Visitors quickly learn to stay at least 10 metres from the impossibly turquoise Arafura Sea because if the crocs don't leap out at you, dangling your toes in the water can be an open invitation to stingers or box jellyfish.
The crystal clear inland rivers look cool and refreshing but monsters are waiting there as well.
The return of wet season rains over the past week also brings out hordes of mosquitoes who can flatten you with awful diseases like Ross River virus and Murray Valley encephalitis.
Keen gardeners outside the tropics imagine the almighty growth they could achieve in our northern climate but digging in our dirt can kill.
Already the soil-borne disease has infected five people in the Top End and the rains have only just arrived.
By the end of the Melioidosis season, about 50 will have fallen to it between the wet season months of October to May.
Last year there were 42 cases and one death. On average, one out of every 10 people who get it, die.
Live up here long enough and you will meet people who have survived it.
The bloke who used to butter the toast at the Salvos for homeless people, had no legs - melioidosis.
The drummer with no arms and legs performing at the Katherine Hotel - melioidosis.
Each year the Northern Territory Government issues a health warning about it.
On social media last night a former resident of the Tindal RAAF Base, just outside Katherine in the outback of the NT, recounted her own horrifying experience.

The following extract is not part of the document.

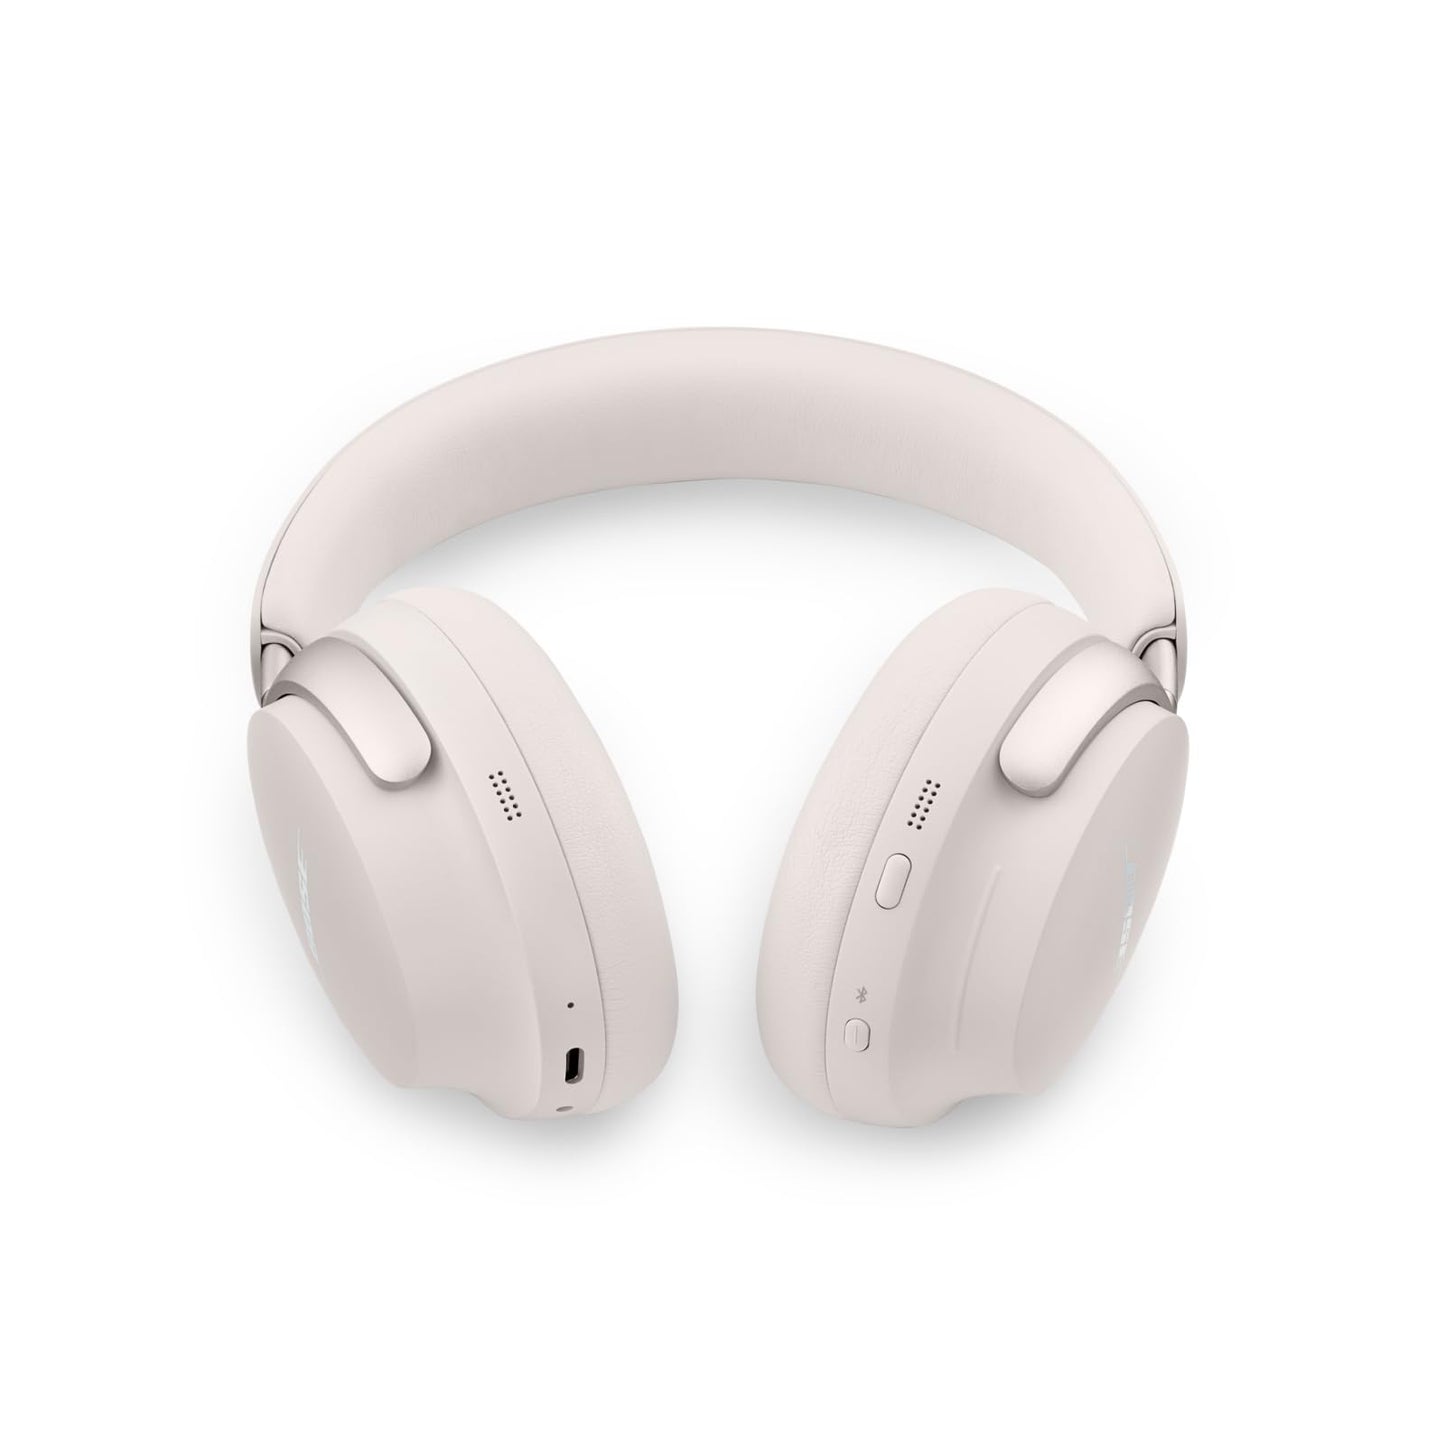 Bose NEW QuietComfort Ultra Wireless Noise Cancelling Headphones with Spatial Audio, Over-the-Ear Headphones with Mic, Up to 24 Hours of Battery Life, White Smoke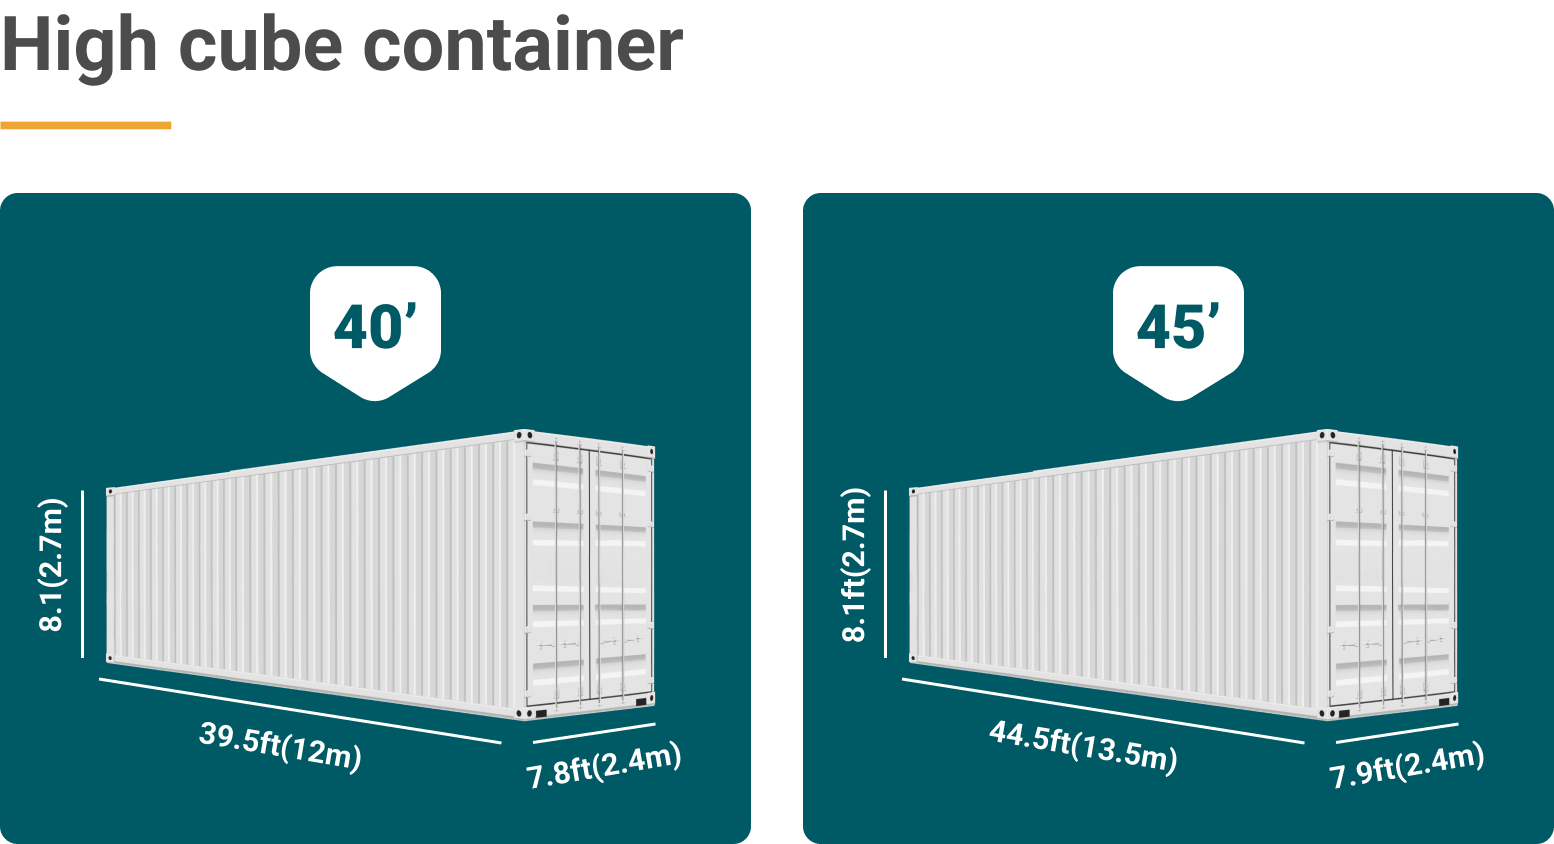 How Wide is a Conex Box?

Nine months on antibiotics, close to death.
People up here don't let their kids go outside in the wet season unless they're wearing shoes.
Parents warn them about playing in the mud.
Health authorities want us to cover up the avoid the mozzies, the sun, the water, even the dirt we walk on.
So if you intend to visit, and there's still plenty of things you can do and still make it safely home, if you see us clanking about in a medieval set of armour you can understand we take some things seriously.